На следующий день в лабораторию привезли большую клетку с дюжиной тощих кошек самого помойного вида. Доктор Брахт где-то вычитал, что кошки якобы обладают врождённой способностью изменять скорость течения времени и вознамерился проверить эту теорию на практике. Для начала кошек скопом посадили в зеркальную кабину, где они принялись завывать на разные голоса, в чём доктор Брахт уловил какой-то научный смысл, Фиртель придурковато улыбался, а Хайнц предположил, что животные просто хотят есть. Неожиданно доктор Брахт, обычно Хайнца в упор не замечавший, внял его предложению покормить зверей, и к обеду они — Фиртель, Хайнц и ещё двое заключённых — занимались тем, что кормили кошек варёной рыбой и заодно ели эту рыбу сами.
Когда заключённые доели рыбу, Фиртель ушёл доложить Брахту, что кошки накормлены, а вернулся вне себя от паники:
— Доигрались! Начальство что-то подозревает. Они пригласили специалиста из секретного института СС. Я его уже видел. Жуткий тип! Только на меня глянул и с ходу назвал все места, где я работал до ареста. Нам крышка, нам крышка...
Хайнц не успел ответить. Распахнулась дверь. На пороге стоял доктор Брахт, за ним, в прокуренном сумраке коридора — высоченная, до самой притолоки, тёмная тень.
В первое мгновение Хайнц его не узнал.
Впрочем, Штернберг сильно изменился. Он был очень коротко острижен. Длинное его лицо с ввалившимися щеками анфас казалось ещё уже прежнего, а в профиль очертания головы вытянутой формы, с выпуклым затылком, напоминали абрисы на древних папирусах, и всё это вместе навевало на мысли о давно исчезнувшем жречестве — египетском, быть может. На лице застыло пренебрежительно-рассеянное выражение, бликующие в обильном искусственном свете очки в тонкой металлической оправе скрывали глаза. Штернберг был в совершенно невообразимой шинели, будто взятой из театральной костюмерной. Он больше не носил ни дорогих перстней, ни щегольской жезлоподобной трости, которая запомнились Хайнцу. В его бескровной бледности, в тускло-золотом оттенке обрезанных у самого корня волос, с небольшим мыском над высоким лбом, и удивительной, по контрасту с жёстким лицом, беззащитности торчащих ушей чудилось что-то больничное, будто его сюда доставили прямиком из медицинских лабораторий, которые жили своей тихой жизнью по соседству — казалось, даже повеяло тревожным хирургическим запахом не то спирта, не то камфоры. Движения его были трудные, медленные, будто он шёл по горло в воде. Лишь когда Штернберг подошёл ближе, явственно потянуло выпивкой, и Хайнц наконец сообразил, что офицер здорово пьян. Однако это обстоятельство почти не остудило ликование, которое Хайнц едва был способен сдержать.

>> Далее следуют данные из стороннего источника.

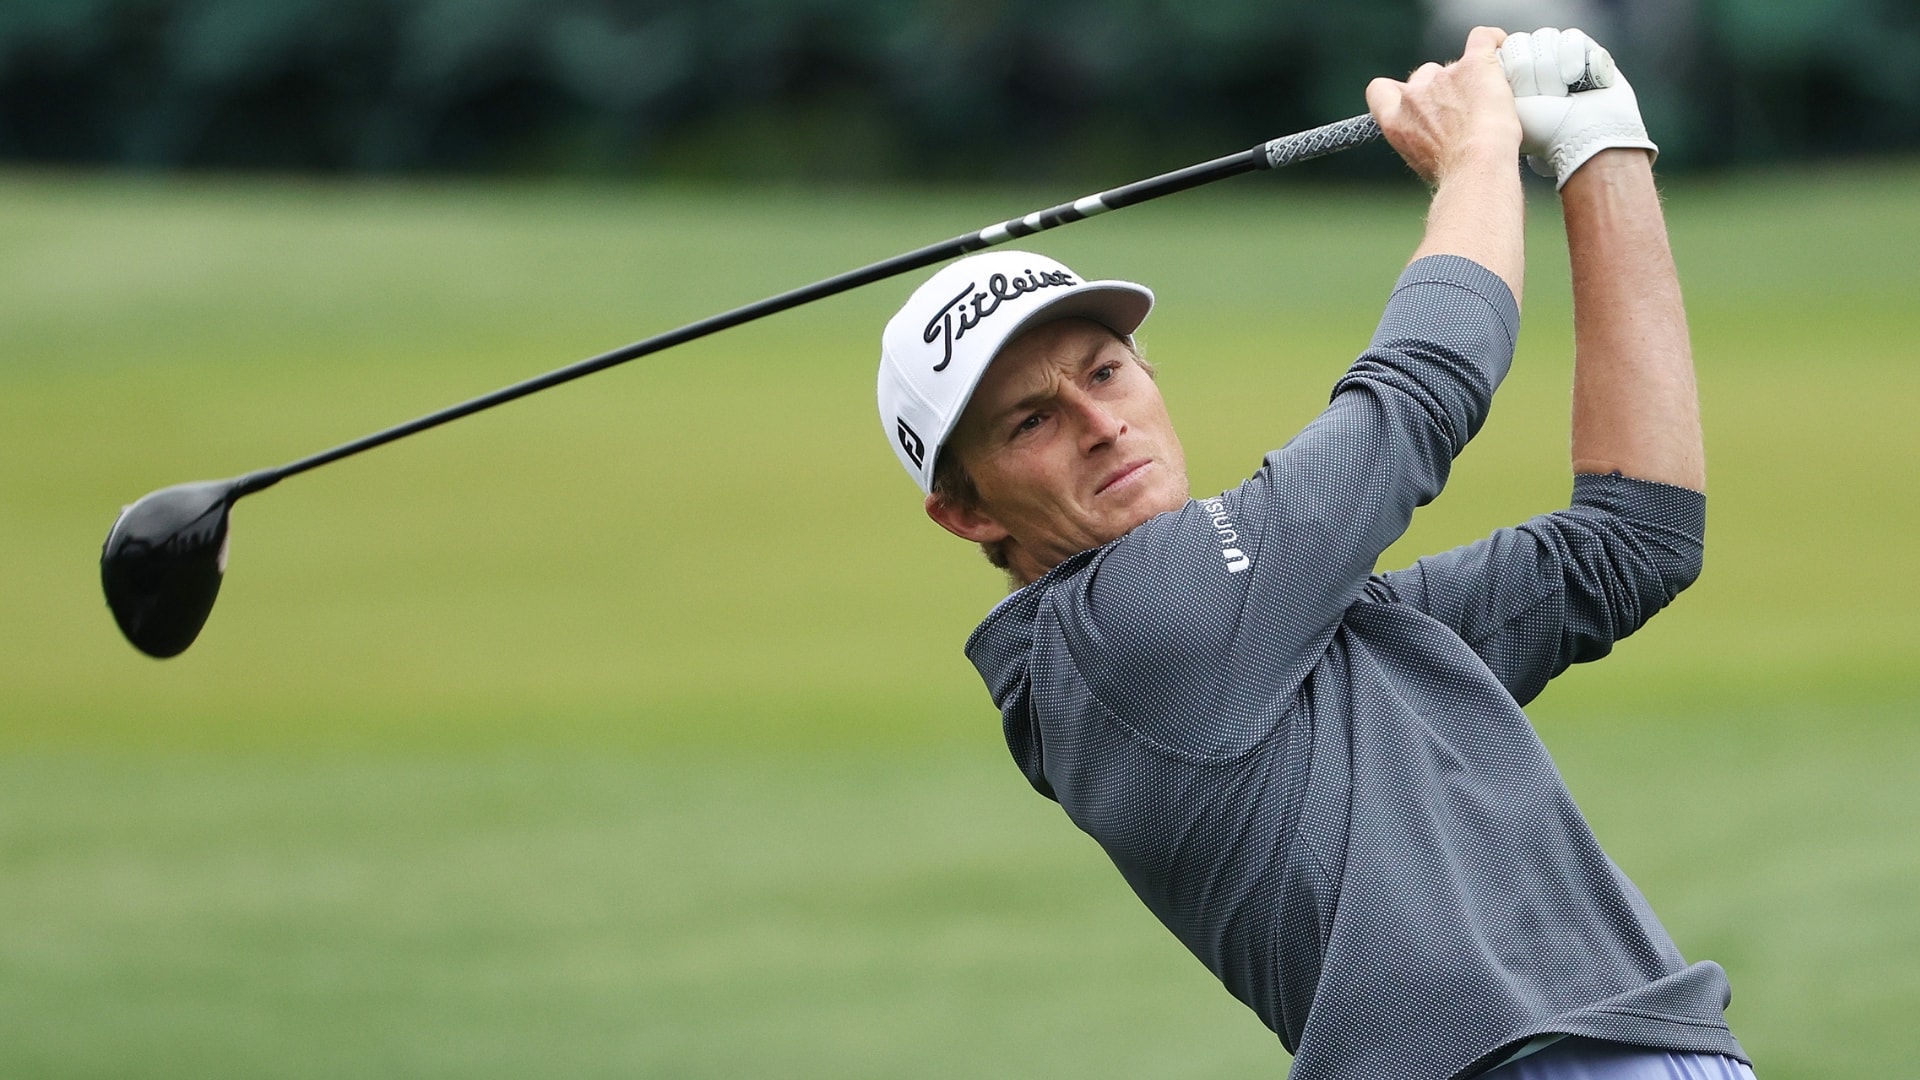 Will Zalatoris out for season after withdrawing from Masters, undergoing surgery

Командир жив! Значит, всё не так плохо. Значит, ещё не всё потеряно. Значит, что-то можно исправить...
— Зачем это? — без выражения спросил Штернберг у Брахта про клетку с кошками. — Вы ко всему прочему ещё и натуралист?
Брахт принялся объяснять суть своей идеи.
— Уберите отсюда животных, — процедил Штернберг, не дослушав. — Вам что, в самом деле, заняться нечем? Вы просто так жалование проедаете?
Брахт оскорблённо поджал губы. И тут Штернберг посмотрел прямо на Хайнца. Боковой свет одной из ламп замазал стёкла его очков слепым желтоватым сиянием, уподобив их двум лунам, а гримаса под ними — с искривлённым ртом и обнажившимися крупными резцами — была настолько неопределённой, что могла означать что угодно, от радости до негодования или холодного недоумения.